Rents are rising in many of the nation’s best-known trophy retail districts. Of the 13 markets tracked in the U.S. and elsewhere in the Americas in a report by brokerage CB Richard Ellis (CBRE), seven posted rent increases in the past 12 months. But as rents climb in these exclusive districts, and more national retailers move in, some tenants are balking at paying the higher prices.
New York’s Fifth Avenue leads the way with the world’s highest retail asking rents at $1,650 per square foot for ground-floor space, representing a 6.2 percent jump over 2009. Meanwhile, asking rents along Boston’s chic Newbury Street in the Back Bay area rose 9.1 percent in the 12-month period ending in the second quarter 2010. On M Street in Georgetown in the District of Columbia, asking rents climbed 8.8 percent over the same period.
Those lofty figures compare with a national average asking rent of $19.07 per square foot for community and neighborhood centers combined in the second quarter, according to New York-based research firm Reis. The national rate represents a 1.0 percent drop from the same period a year earlier.
“Recovery isn’t complete, but the findings show an increase in demand and activity in the top retail locations in the Americas,” says Anthony Buono, executive managing director of CBRE’s Retail Services. “It depends on the market and the city.”

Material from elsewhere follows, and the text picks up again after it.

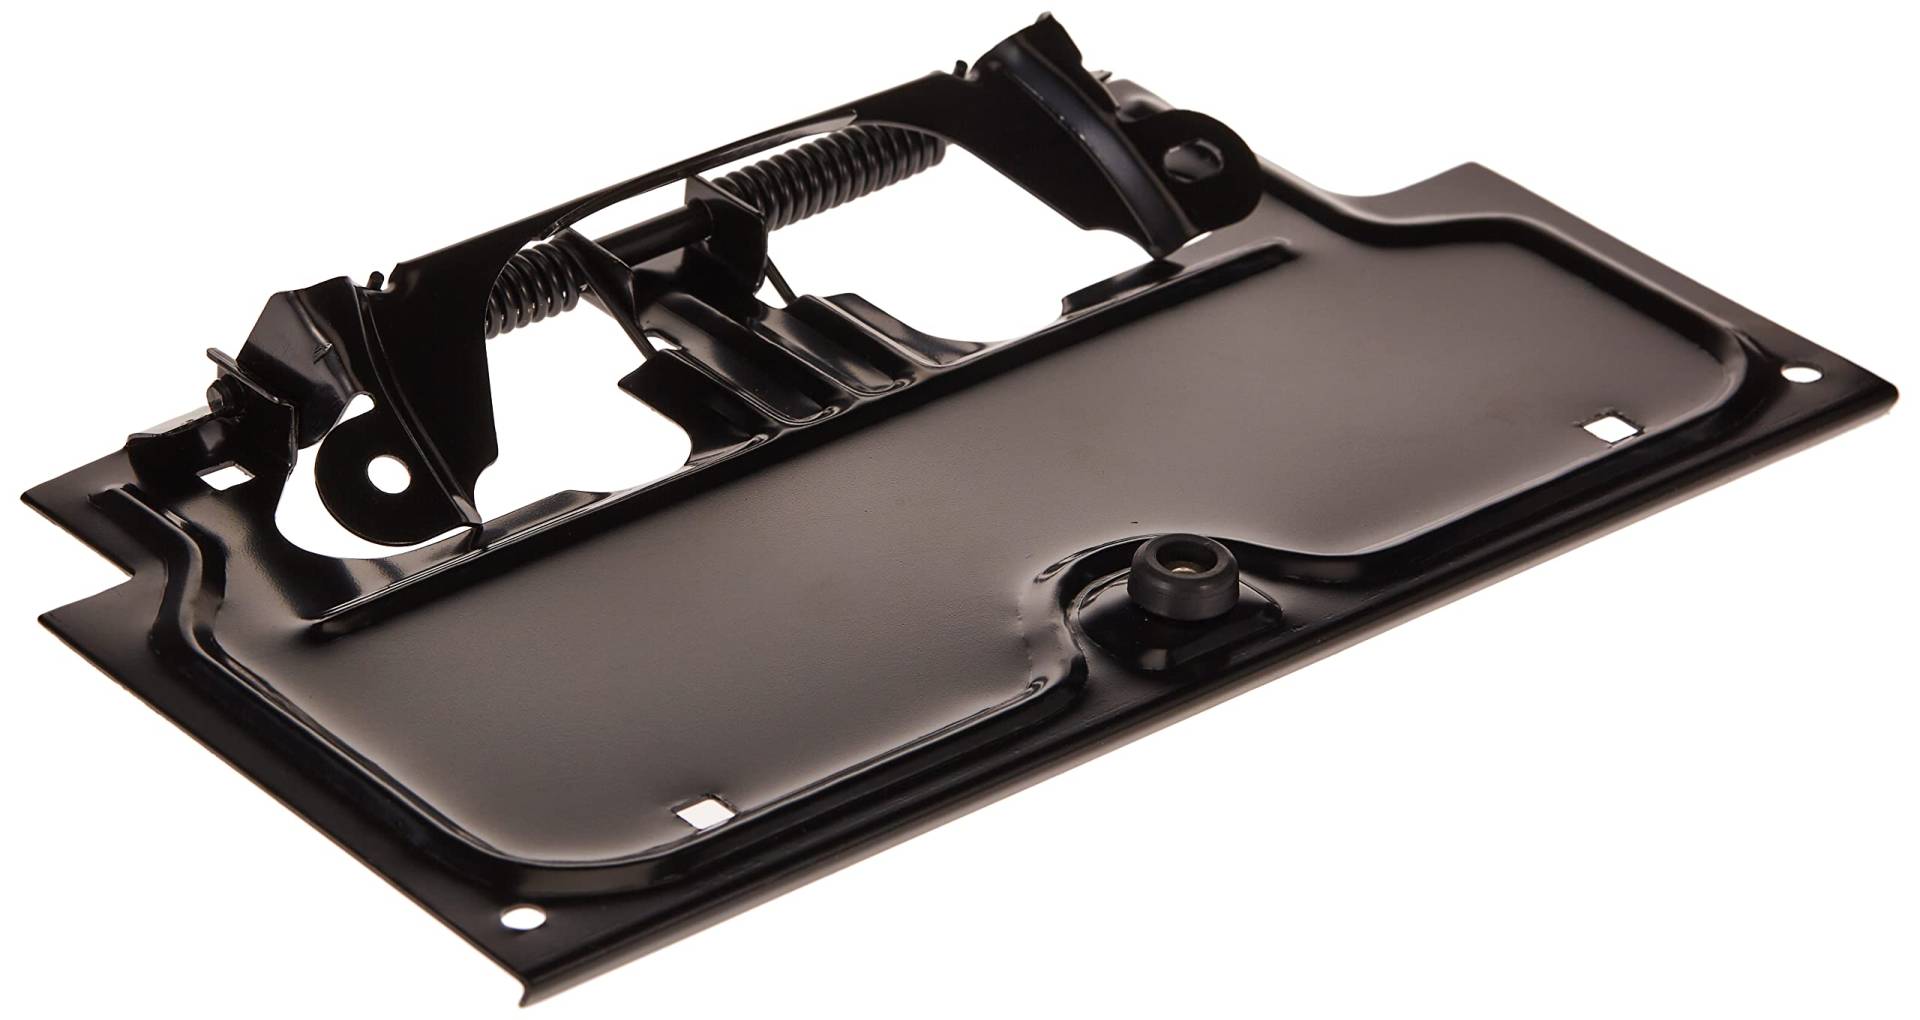 Omix-Ada | 11233.01 | License Plate Bracket, Black | OE Reference: 55007403 | Fits 1978-1995 Jeep Wrangler YJ von Omix

Although the super-luxury markets are trending up in their rent demands, current and prospective tenants may not be willing to shell out higher monthly payments. “Many landlords and real estate companies have taken an overly optimistic view of the economic recovery and started to request higher rents,” says Tami DeFrank, vice president and director of real estate with Jones Lang LaSalle’s San Francisco office. “We don’t believe that the tenants are willing to pay increased rents at this time.”